Stocks have been seesawing since August on uncertainty whether the Fed Reserve Banking System has been done with their drastic heights to interest rates.
US stocks drifted in a quiet trading Monday, as Wall Street made a few big moves ahead of the Fed Reserve Banking System’s next meeting on interest rates.
According to Detroit News, higher rates have helped cool inflation from the peak last summer, however, it is also hurting prices for stocks and other investments while slowing the economy. Traders universally almost expect the Fed Reserve Banking System to keep rates steady at its meeting this week. More attention will be on the forecasts that the Fed Reserve Banking System officials will release about where they expect interest rates, the economy, and job market to head in the coming years.
The first thing that the market will focus on is how high the Fed Reserve Banking System officials see its main interest rates rise this year. Traders have been betting on 40% chance of the Fed Reserve Banking System will raise rates again in November or December, according to the data from CME Group.
However, just as much attention will be on what the Fed Reserve Banking System officials will say about next year, investors expect the Fed Reserve Banking System to begin cutting rates. They crave cuts, which typically loosen on financial conditions and give boosts to financial markets.

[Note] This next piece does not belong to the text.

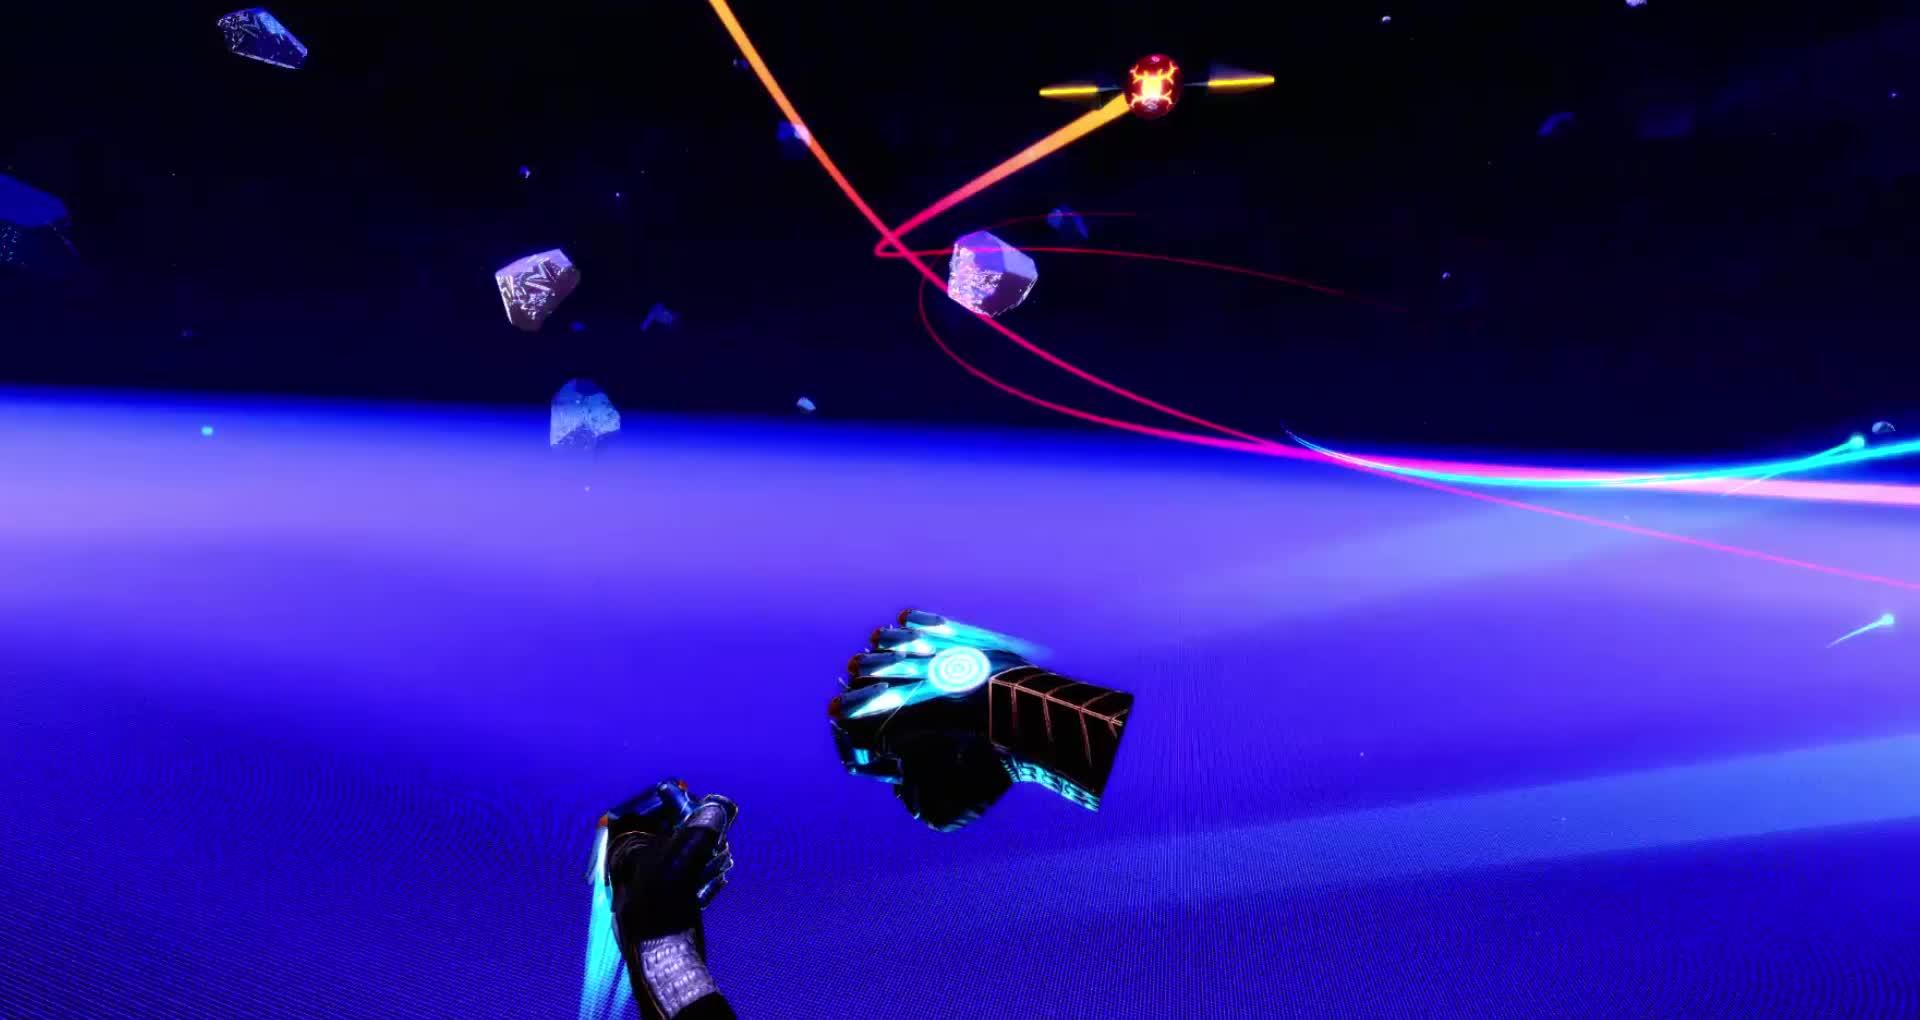 gaming, virtual reality, vr, Airborn VR - Guns GIFs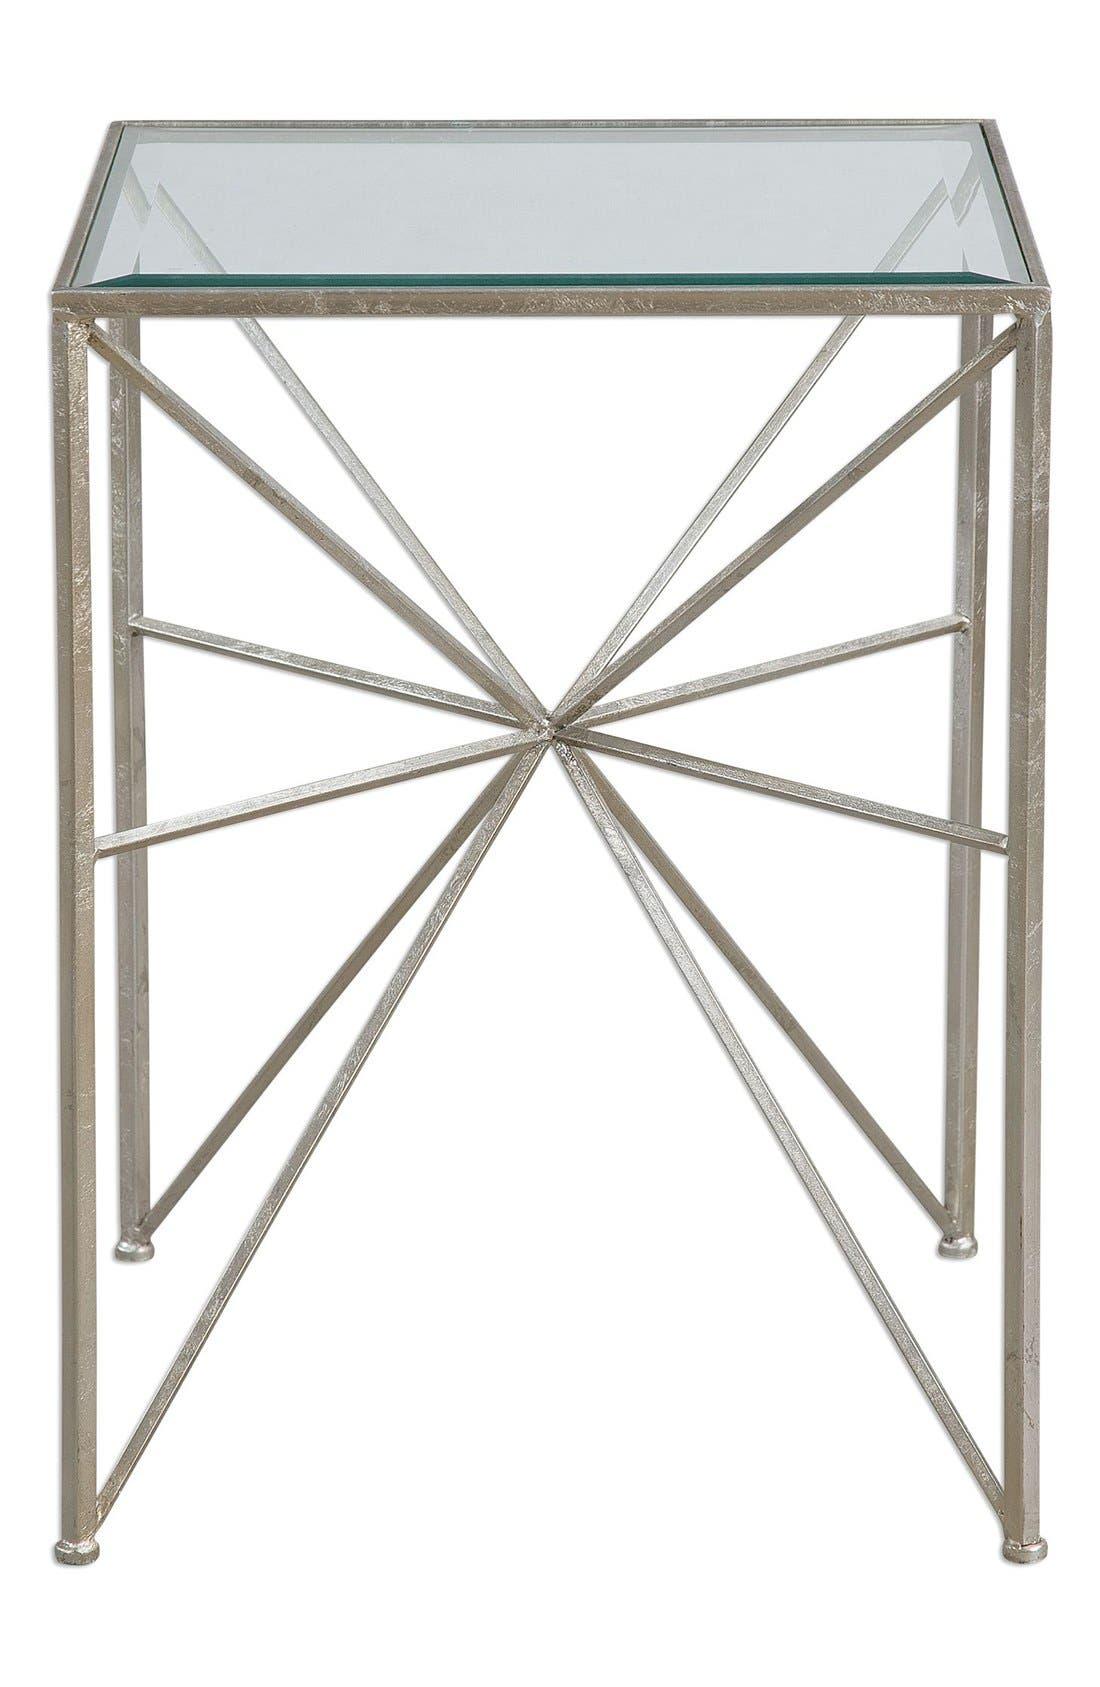 Alternate Image 1 Selected - Uttermost 'Silvana' Side Table

There are fears that the rates may have to stay higher for longer in order to get the inflation to go down to the Fed Reserve Banking System’s target of 2%.
The rise on oil prices, along with the worry of rates staying high for longer, have helped pushed us Treasury yield across the bond market. Worries about a possible recession also continue to hang around even though they have been diminished with successive reports showing that the economy and job market continue to hum.
The 10 year Treasury yield edged down to a 4.32% from a 4.33% last Friday. The two year Treasury yield, which closely follows the expectations for the Fed Reserve Banking System, held steady at 5.04%.
One worrying factor is where bond yields are at, with two year and other shorter term yields have continued to rise higher than longer yield terms. That is an unusual occurrence that has often preceded recessions from the past. Another warning is coming from the leading economic indicators index which looks at new orders for manufacturers, consumer expectations for business conditions, and other factors that might show where the economy is heading to.